Barcelona-based ceramic artist Nonna Melikyan has long been in love with art, but only recently confessed this love to ceramics. She grew up in a family of artists and sculptors on one side, and engineers on the other. However, she always knew that she leaned more towards the creative side.
Tell us about yourself: where are you from and how did you end up in Barcelona?
I’m Nonna Melikyan, originally from Armenia, Yerevan. After graduating with my degree in Linguistics and Cross-Cultural Communication, I decided to move to Barcelona for continuing my studies but this time in a business environment. And as many of us, I fell in love with Barcelona, and here I am after 4 years.
What brought you to start your own brand and live from your passion? Did you have to leave anything behind in order to do so?

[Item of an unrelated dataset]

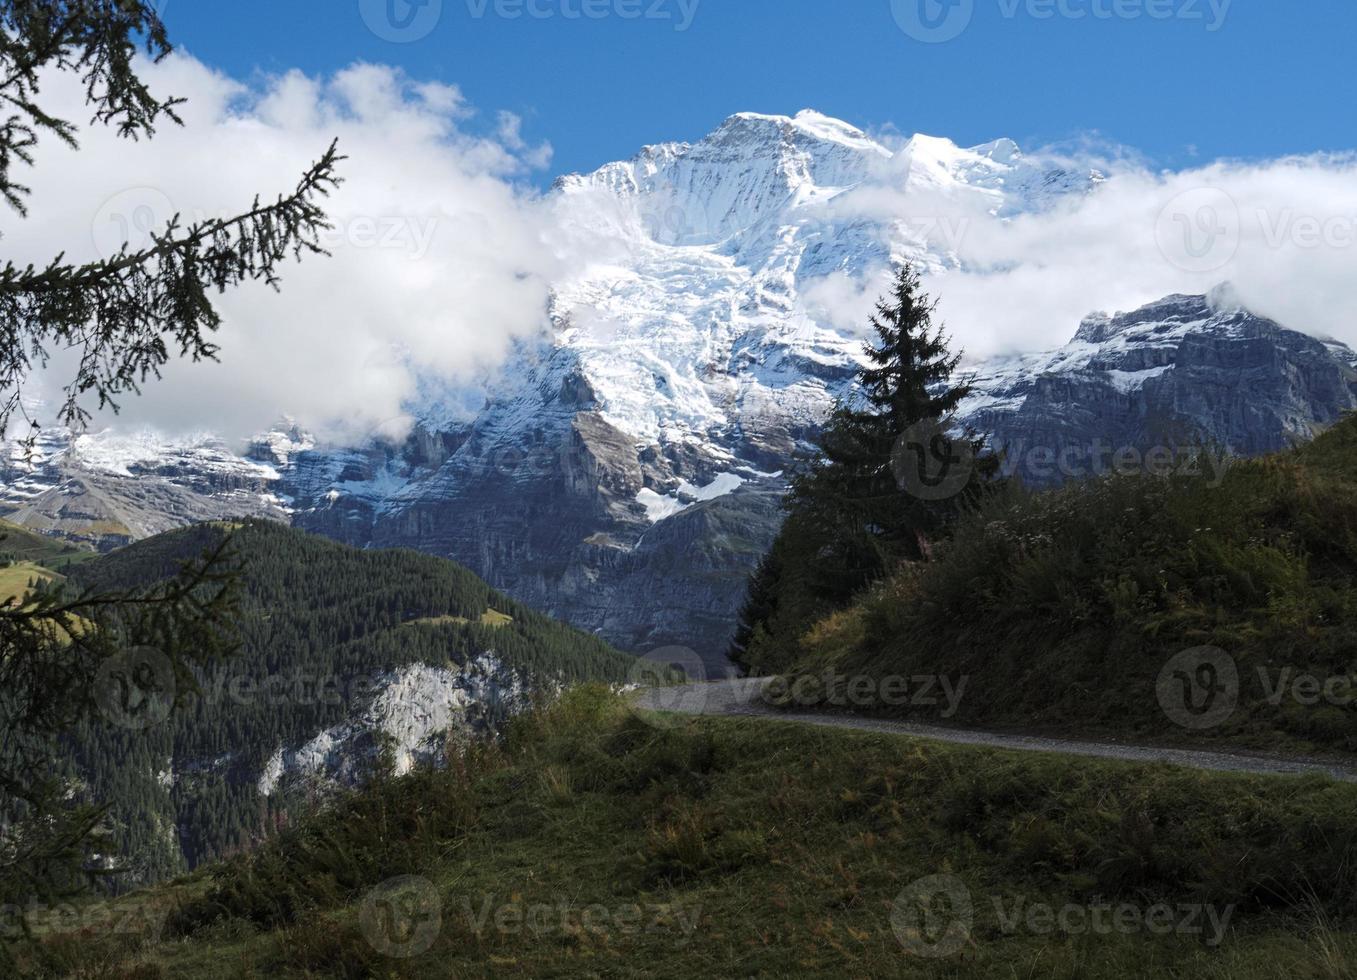 spektakuläre bergansichten rund um murren (berner oberland, schweiz) foto

I never planned to do anything like this, for me it happened in a really natural way which makes me feel lucky. At the moment I dedicate most of my time to The Clay Cloud but still, I work in an art studio some nights of the week. I’m fully immersed in art life I would say (dream life). Ceramics didn’t take anything from me, instead, it opened the world to me, and gave me so many things, it’s a life teacher. Ceramics teaches you to take lots of decisions, every single step is a decision (choosing a design, a glaze, a technique…) it teaches me to be more patient with life and take risks, and don’t get disappointed. Many times you have a plan in your mind, you follow all the steps but the result is soooo far from what you expected. This is the magic.
You say that you come from a family of artists and engineers. How did you find your way to exploring your creativity through ceramic?
Since I was a child I liked making things with my hands. I would play with the jewellery my mom had, deconstruct them then make something different out of them. I was making dream jars, jewellery organizers (all sort of stuff) and giving them to my friends as a present. Even though, I had never played with clay before moving to Spain.
I moved here and I saw so many opportunities to explore yourself, to see what you really like or no. And one of the first things that came to my mind was a ceramic course. I took the course and from the very first moment, I was in love. In the group, we were 4 and everyone felt the clay differently. There were people so impatient with the process, people, who wanted only to see the results. For me, the important part of ceramics is the process. I can stay with the same piece for hours and still enjoy it. After the course, when we entered into the quarantine, I ordered some clay and some tools and started playing with them at home.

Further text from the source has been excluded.